Beyond ChatGPT: Language Models as Intelligent Business Decision Engines
A lot of hay has been made about the abilities and limitations of large language models (it's all “ChatGPT” to your uncle) since they roared into public prominence a couple of years ago. In fact, with the holiday season in full swing, chances are you've had some family or friends corner you at a holiday party to opine and register their thoughts publicly.
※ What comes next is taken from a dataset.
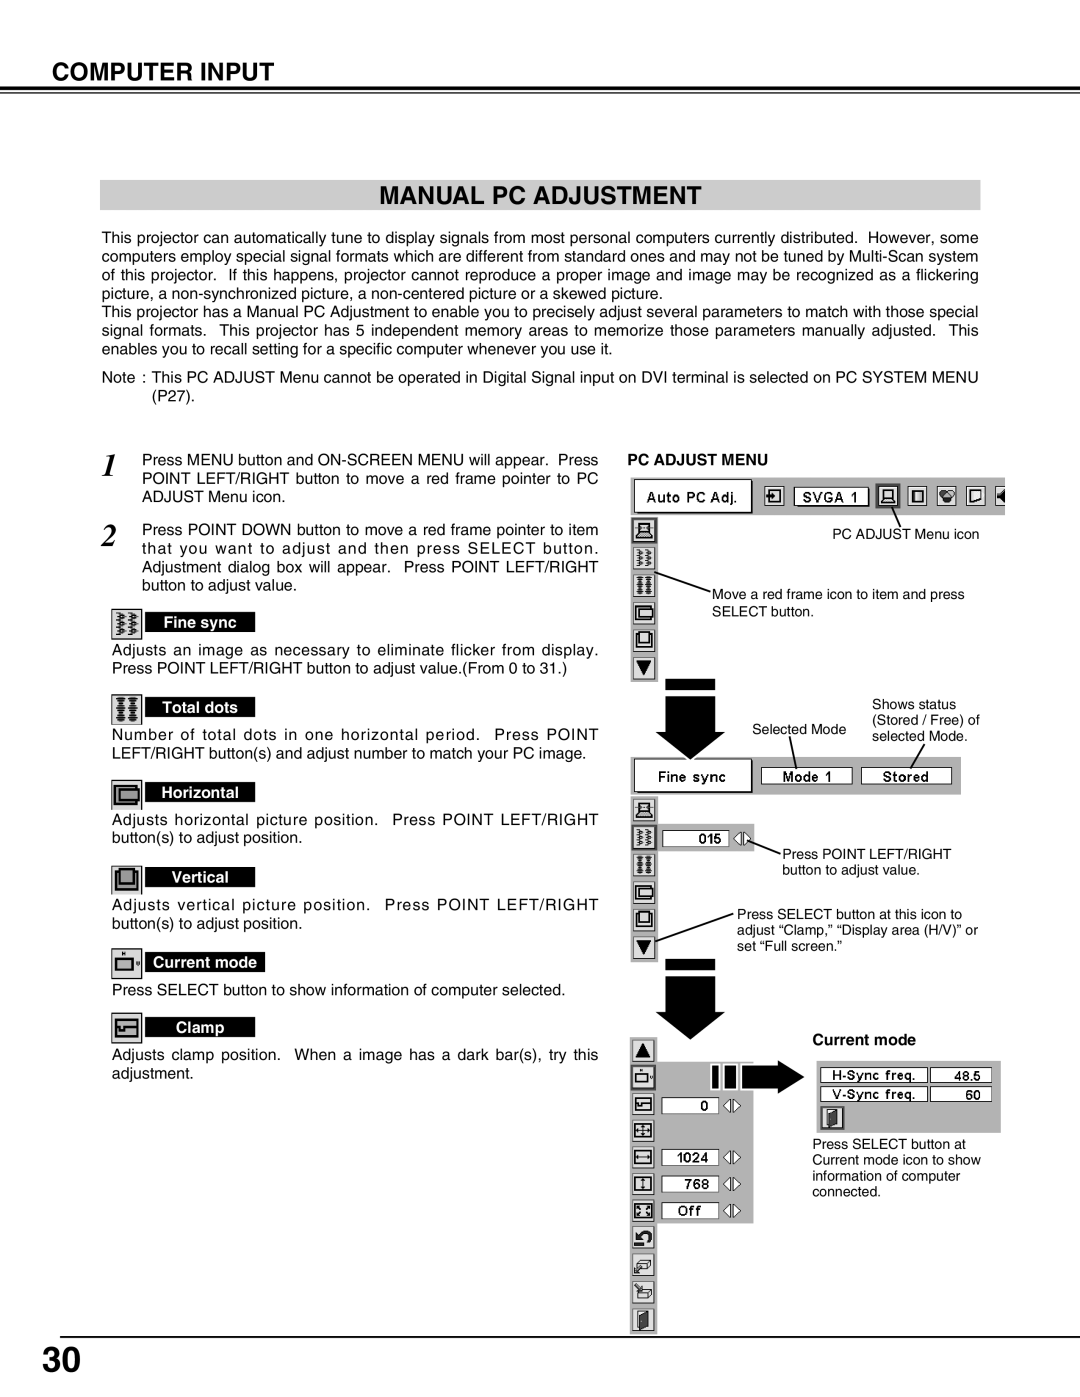 Eiki LC-UXT3 Computer Input Manual Pc Adjustment, Fine sync, Total dots, Horizontal, Vertical, Current mode, Clamp

That's been my experience at least. It's always an interesting conversation, but this year was a little different. With a couple of LLM-centered production releases under my belt, I feel like I can start to provide a little bit of insight into what practical roles it's ready to take on.
One of the earliest ideas that I had when starting to experiment with LLMs was an API consumer that automatically updated to accommodate relatively minor changes to the target schema. Initially this was spurred on by some frequent, breaking changes to a weather API I was using for a project. Adjusting to the changes wasn't rocket science, but it required attention, time, and a level of vigilance that could probably be better applied elsewhere.
I imagined a language model that could perform the mild course correction on its own, and continue without needing to bring me into the mix. I was curious, but I was also cheap, so I spun up a tiny local model to test the theory(big shout out to open-hermes-2.)
The results were surprisingly good on the first go around. If there was a request error, then the OpenAPI spec and error code were sent to the model, which then made changes to the outgoing requests via an intermediary .txt file. It didn't always fix it on the first try, but if I gave it up to three chances, it almost always got it.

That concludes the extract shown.